▶ **INPUT DATA**:
====

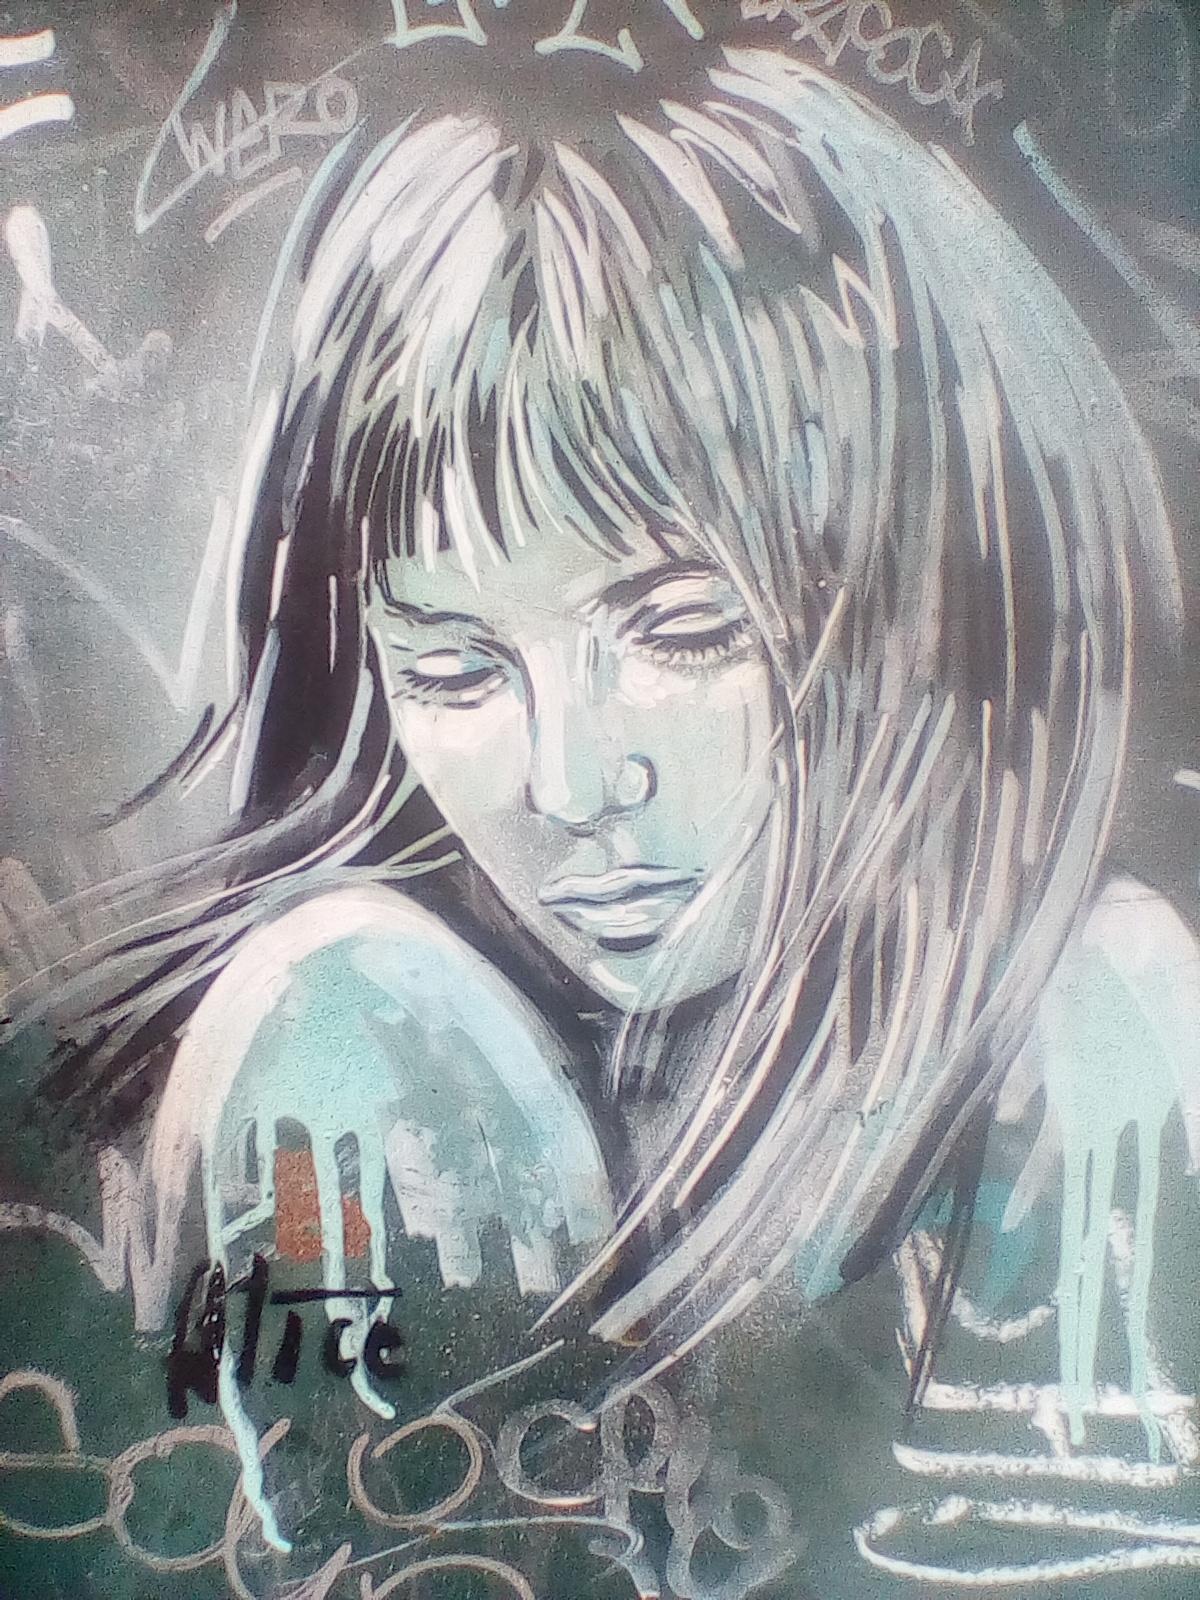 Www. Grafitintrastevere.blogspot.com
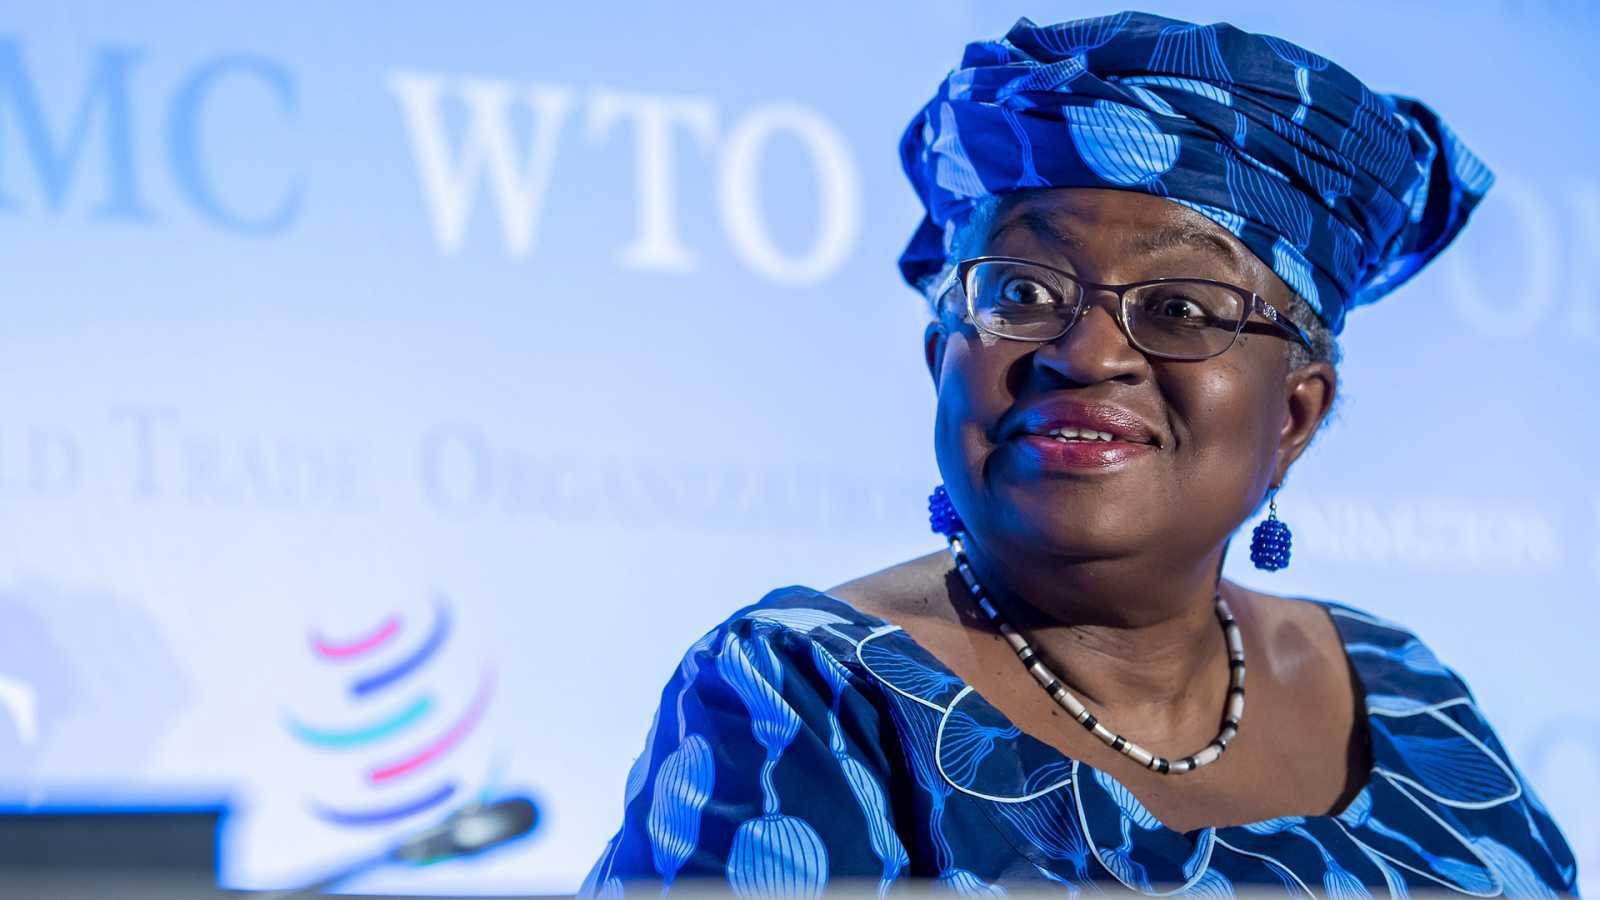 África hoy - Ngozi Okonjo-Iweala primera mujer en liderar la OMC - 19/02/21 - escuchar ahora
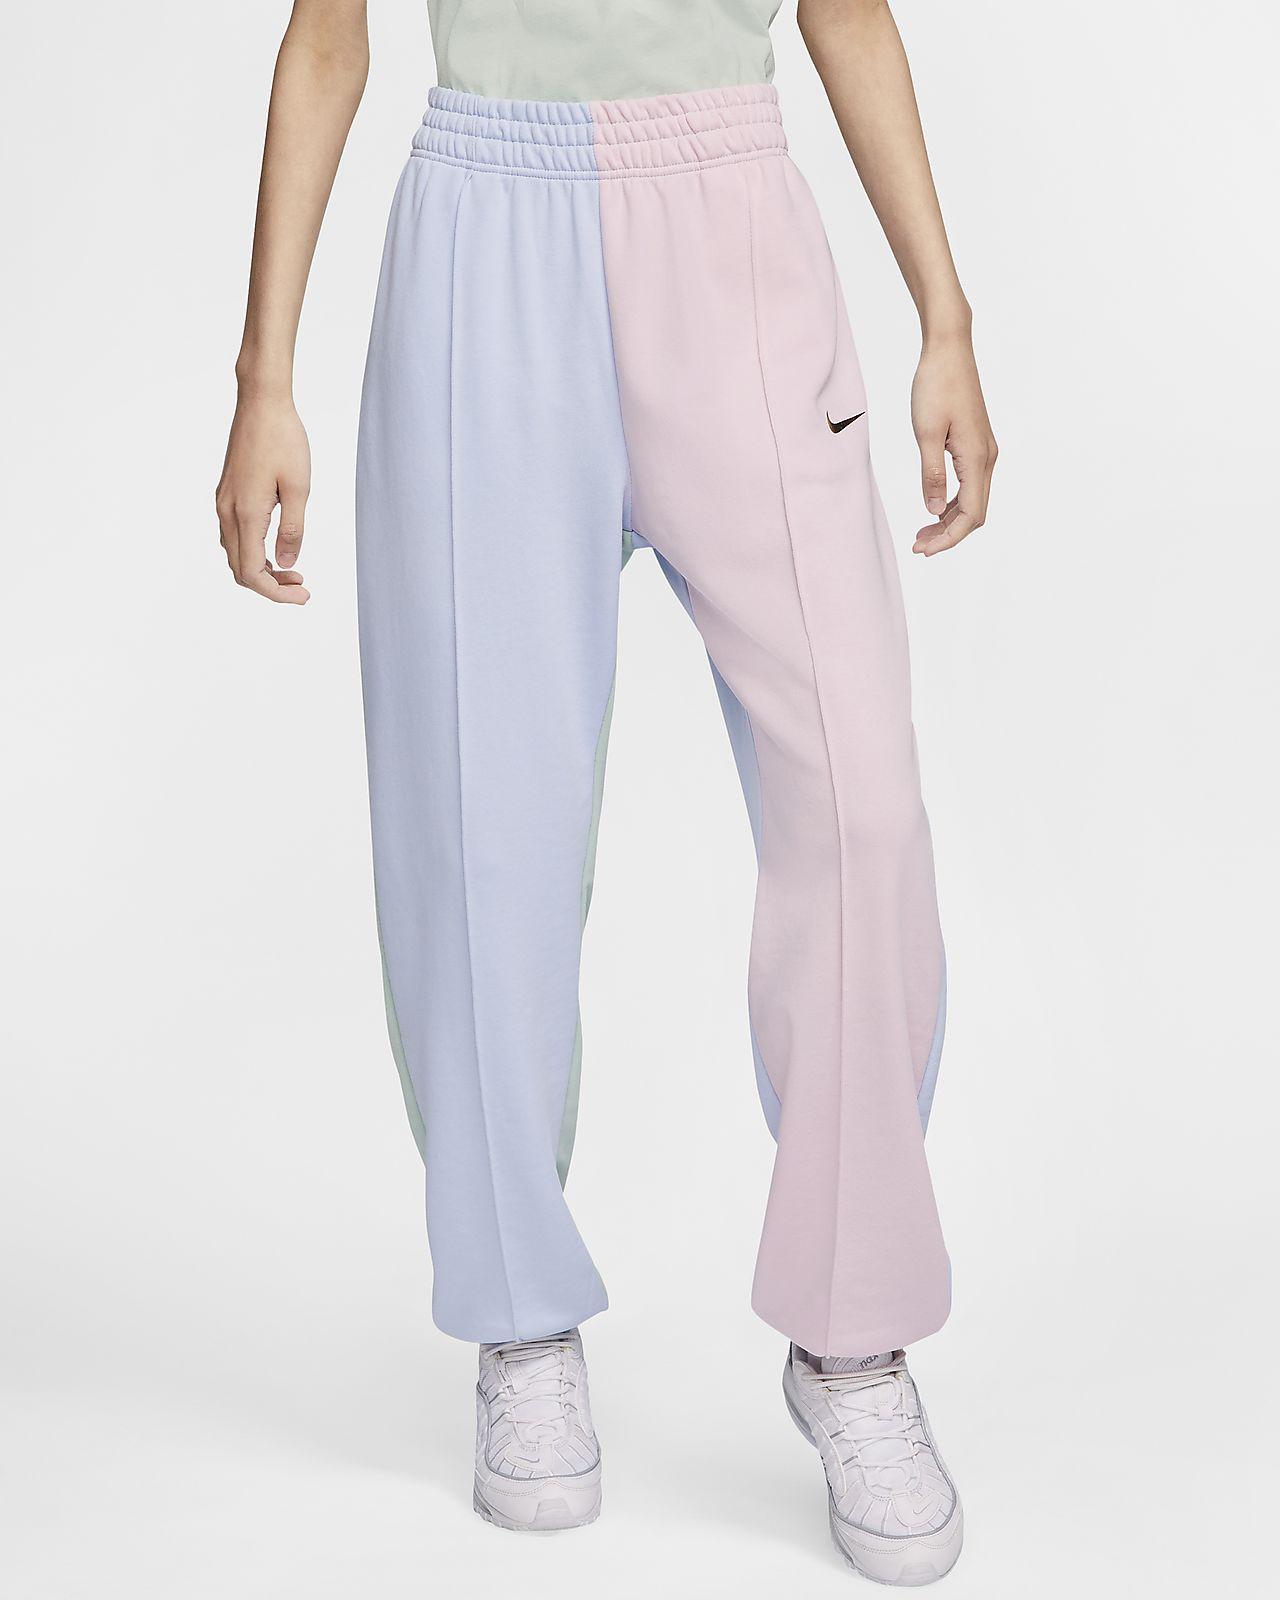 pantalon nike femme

====

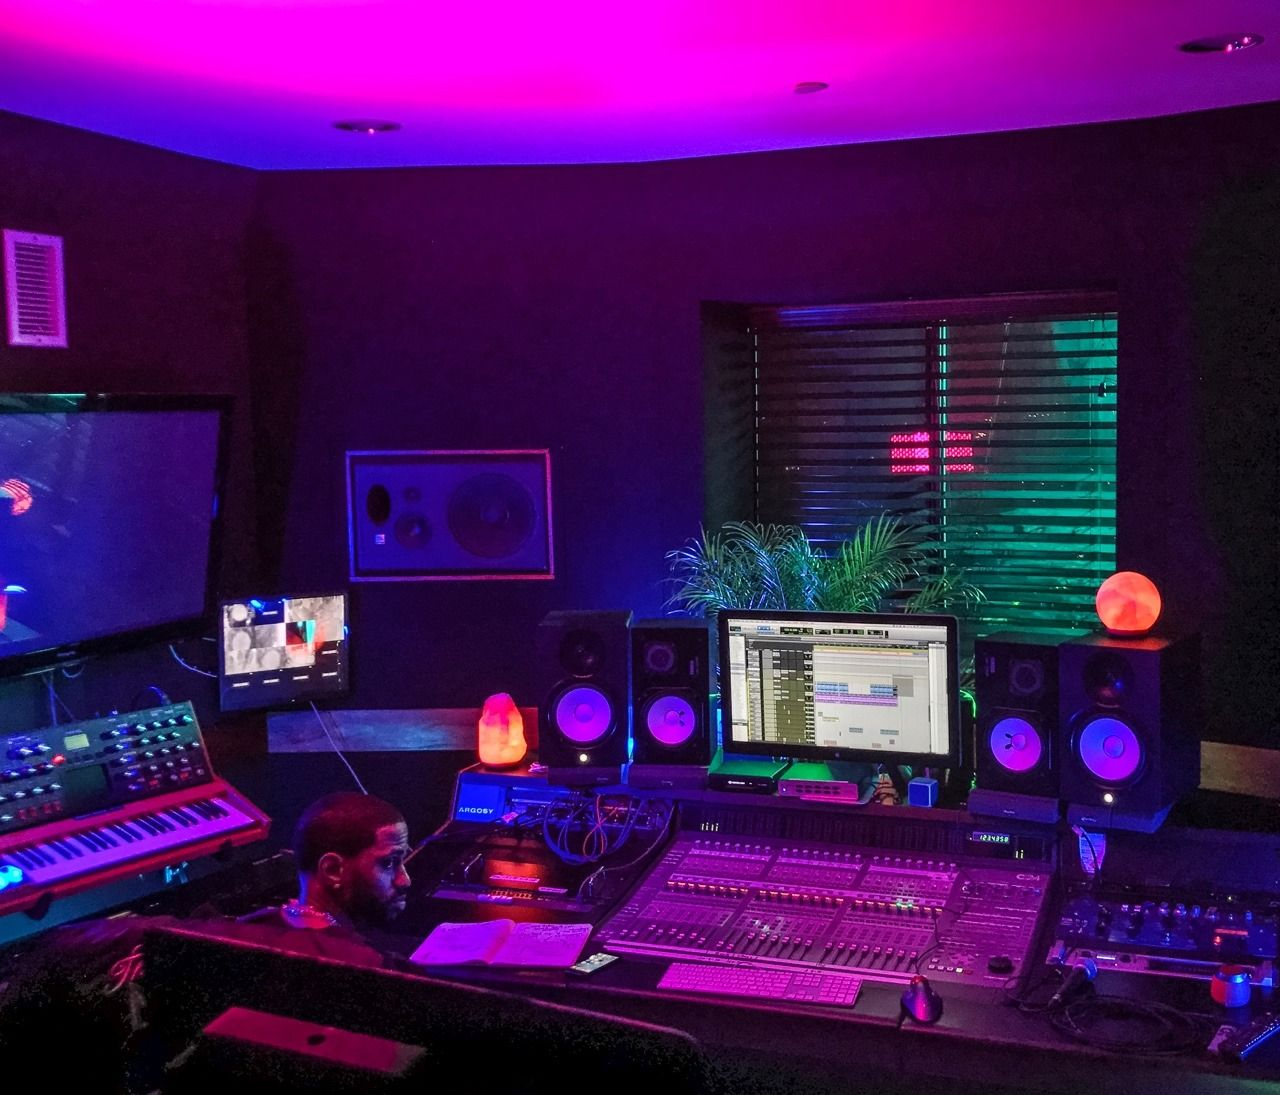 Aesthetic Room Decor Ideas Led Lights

====

▶ **AIM OF THE EXERCISE**: Using the data above, copy exactly the lines from the one containing "Www. Grafitintrastevere.blogspot.com" to the one containing "pantalon nike femme", inclusive. Exclude the pictures.

▶ **RESPONSE TO THE EXERCISE**:
 Www. Grafitintrastevere.blogspot.com
 África hoy - Ngozi Okonjo-Iweala primera mujer en liderar la OMC - 19/02/21 - escuchar ahora
 pantalon nike femme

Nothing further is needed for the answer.